A 34-year-old white male was arrested after the shootings. It is alleged he killed three of his former workmates in two buildings in Pelham, a suburb of Birmingham, Alabama, reportedly after he was sacked from one of the companies. The shootings took place at Post Airgas and Ferguson Enterprises, two local businesses, early yesterday morning.
Police said there was a "brief scuffle" when they caught the suspect after a high-speed chase on a nearby interstate highway. A gun was recovered from the car. He would be charged with capital murder, they said.
The victims were identified as Lee Hallbrooks, 32, and Christopher Yancy, 28, employees at Ferguson, where the suspect had been working, and Terry Jarvis, 39, an employee at Post Airgas, where he had previously worked.

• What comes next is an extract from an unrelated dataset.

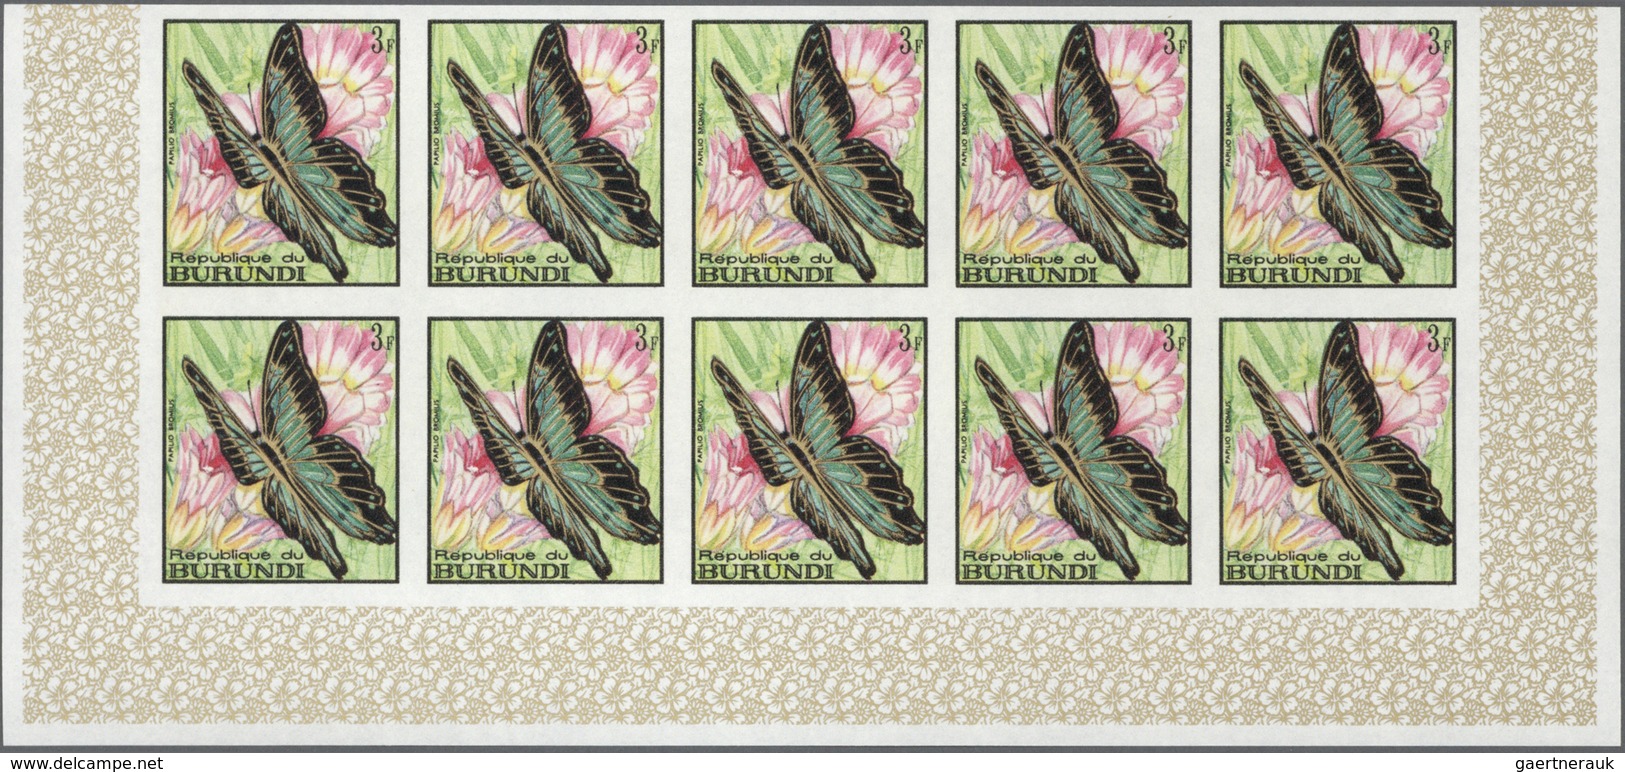 Burundi: 1968, Butterflies complete set of 16 in IMPERFORATE blocks of ten from lower margins, mint

Ferguson is a national distributor of plumbing supplies and HVAC equipment, while Post Airgas sells light industrial machinery.
The killings come just a few days after Mark Barton shot nine people at two Atlanta buildings where he had passed the time as a day trader. He also murdered his wife and two children.

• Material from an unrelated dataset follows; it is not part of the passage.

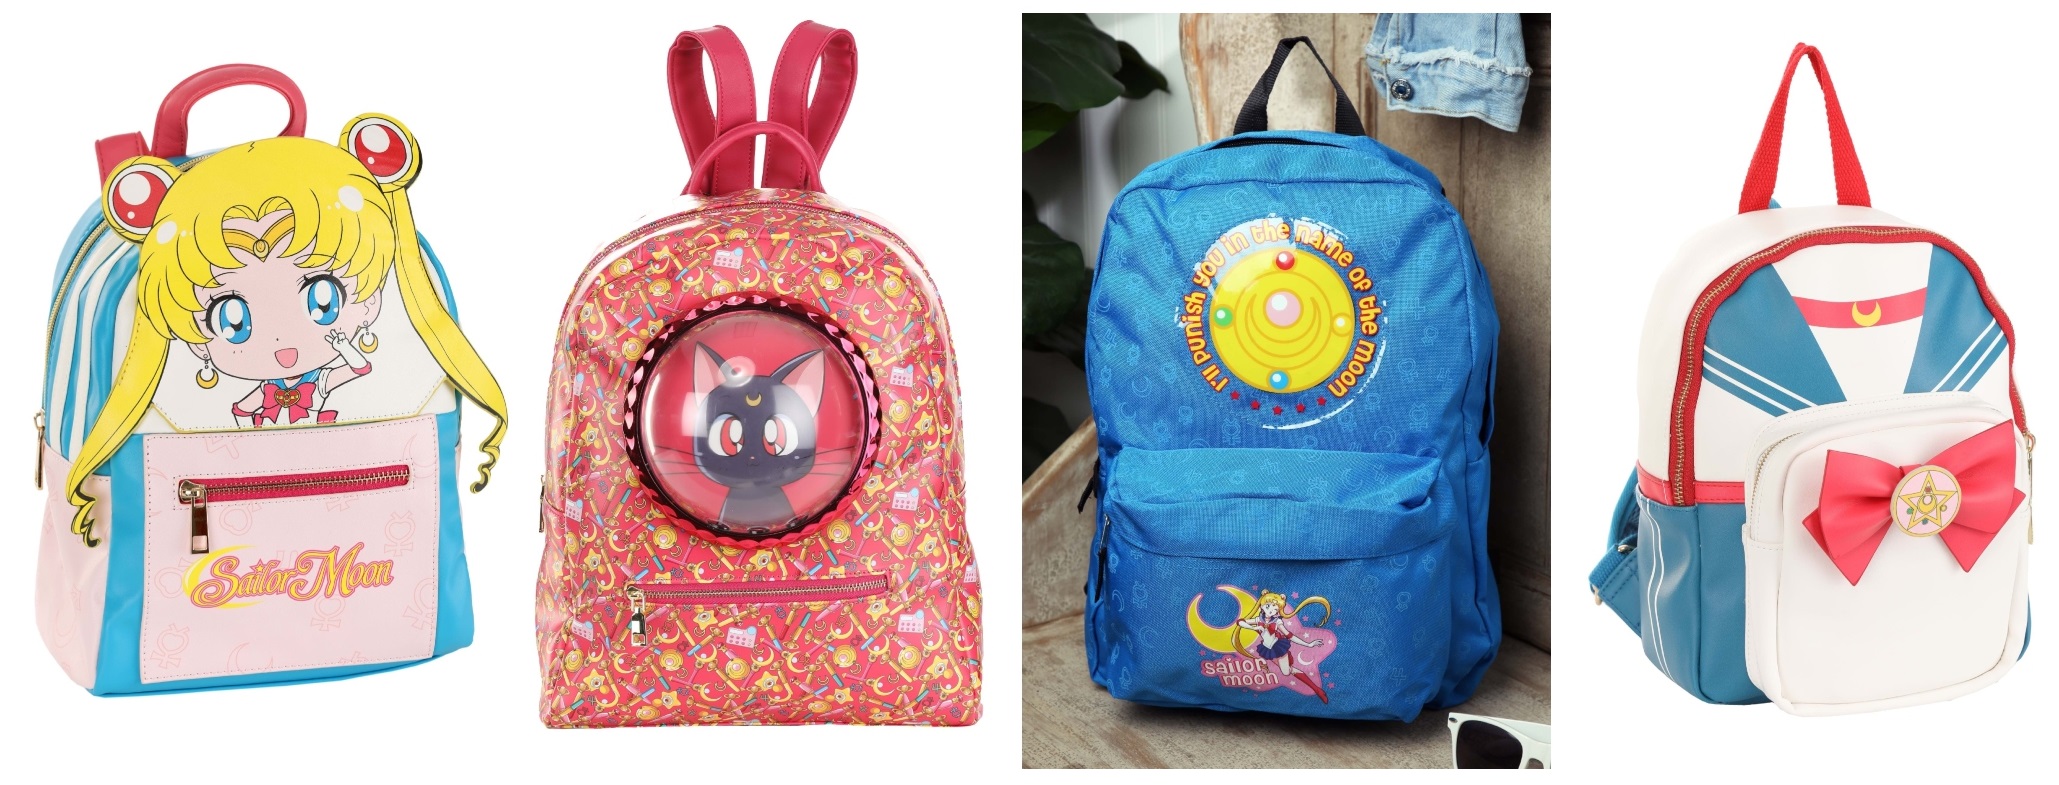 Sailor Moon Bags

Mr Barton, it emerged, had lost as much as $450,000 trading on stocks via the Internet. He had borrowed money from others at the day trading centres, and had taken cash from his children's trust fund, the Atlanta Constitution reported.
After the shootings at Columbine High School in Littleton, Colorado, earlier this year, America was suffused with grief and turned towards gun control. But that faded away, and the Atlanta killings did little to revive the attempts to limit firearms. Republicans in the US Congress moved quickly to snuff out efforts at gun control, aided by large sums of cash from the National Rifle Association.
Tragic though the deaths of three people may be, it is by no means unusual in America. What is unusual, however, is the growing tendency over the past few years for shootings to take place outside the poorest areas of American inner cities. Indeed, the crime rate and the number of murders has fallen precipitously across the country.
The killings have also sparked a parallel debate about values in America, with conservatives arguing that a cultural shift, not the profusion of armaments, is responsible for the deaths.
Though the Littleton killings involved automatic weapons, Barton used pistols, which are easily available and unlikely to be affected by new regulation.
A spokesman for the National Rifle Association, Bill Powers, said this week that efforts to limit guns were heading nowhere. "If they want to come out and debate a total handgun ban in America, that's a debate they'll lose with the American people," he said.